The first Spring Fling was held on April 21, 1973, as a revival of the Skimmer Day carnival-style tradition. Skimmer Day, which had been suspended in 1963 due to alcohol policy violations, was a celebration of the University’s rowing team and marked the beginning of spring.


The second Spring Fling was much larger. Due to weather conditions, a square dance was held in Houston Hall and was the “largest dance the University ever held.” After a weekend of crowds, fun and dance, Fling organizers reveled in the success of the weekend and the establishment of a new University tradition.

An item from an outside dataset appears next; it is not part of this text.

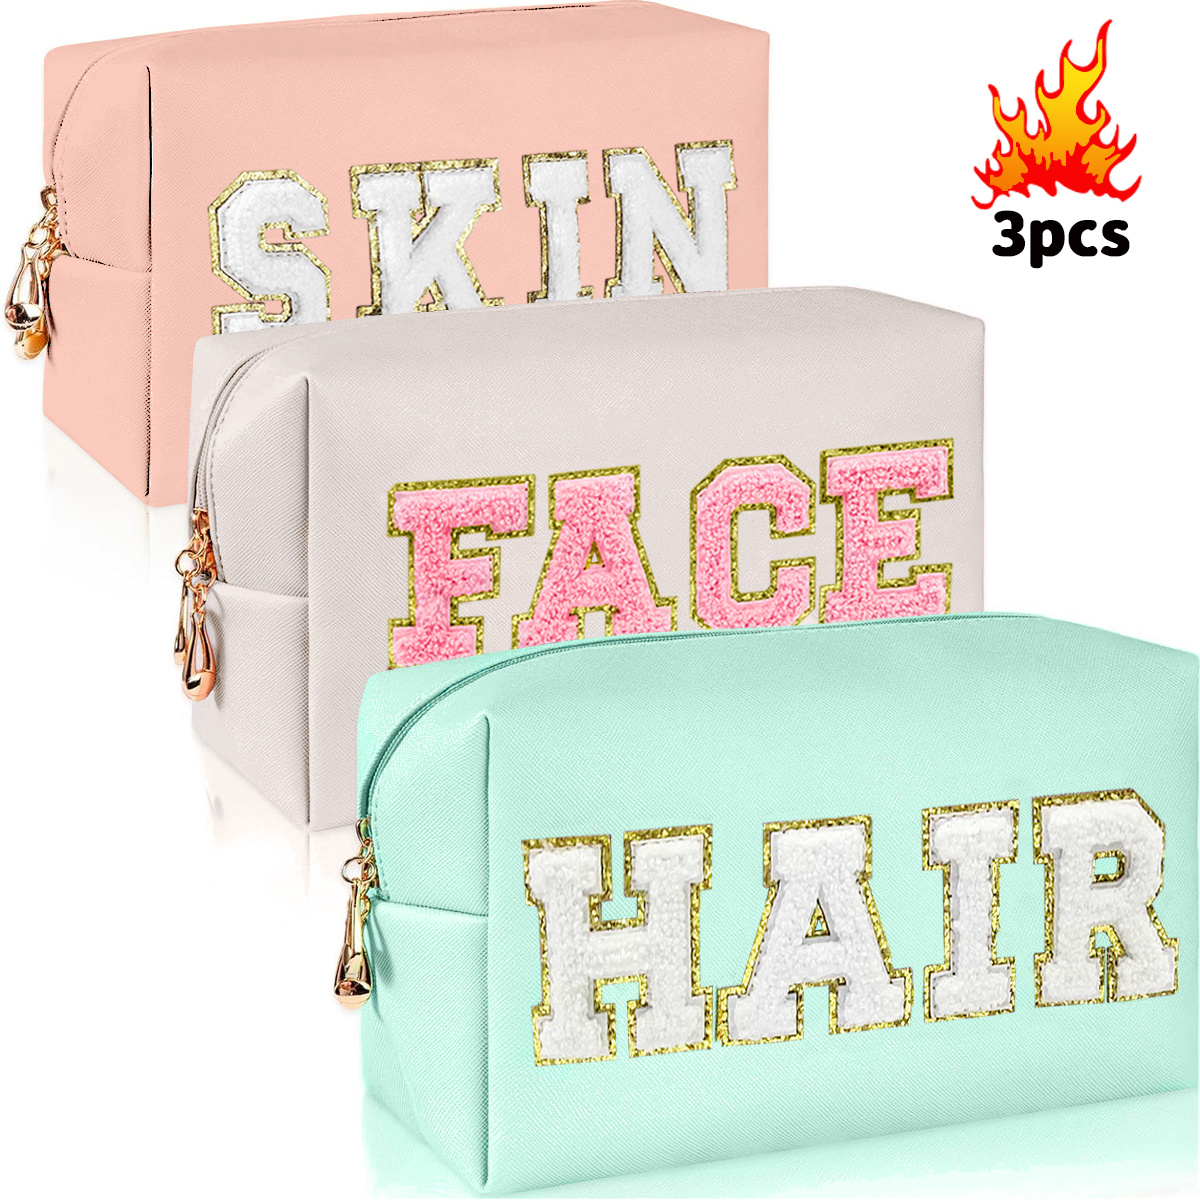 

3pcs Chenille Preppy Makeup Bag For Women Travel Toiletry Bag Chenille Letter Cosmetic Bag Pu Leather Waterproof Pouch Cute Zipper Organizer, Skin, Hair And Face

Arts and crafts were prominent during the Fling of ‘75. Artists primarily from Philadelphia, but also from all over the East Coast congregated in the Lower Quad to sell their work. The purpose was to get more creative people involved with the Spring Fling festivities.


Three years after the official start of Spring Fling, the first official large concert was held. Blues artist Taj Mahal performed in the Quad and offered Penn students “a close alternative” to Woodstock , The Daily Pennsylvanian wrote. At this time, the concert was free for all Penn students.


Fling of ‘77 was a “multiple arts bazaar” that included more types of crafts than in previous years. Jewelry, pottery, woodwork and photography were just a few of the newly added types of art. Buttons with photographs and puppets were also available for sale and everything was “geared towards a student budget” of $15 to $20.


New events were created by the Fling Committee to give students greater involvement and “create a circus atmosphere.” Perhaps the most bizarre was the Candy Pants Eat-Off, which consisted to two team members — an eater and an “eatee” wearing candy underwear. Other contests included wet T-shirt and wet jockey shorts contests and the Ivy League Twit of the Year contest.


In 1978, costs totaled to about $12,000. In 1979, Quad officials wanted the Spring Fling closing concert moved out of the Quad or $8, 000 in advance for future damages. At the last minute, the Student Activities Council frantically sought to secure the Quad or River Field, according to a 1979 DP article. While SAC hoped to continue the outdoor tradition, an indoor concert at the Palestra was the only option due to the lack of security on Hill Field. SAC secured the Quad after negotiates were made to hire more personnel and get portable bathrooms, but was required to have a canopy due to forecasted weather conditions.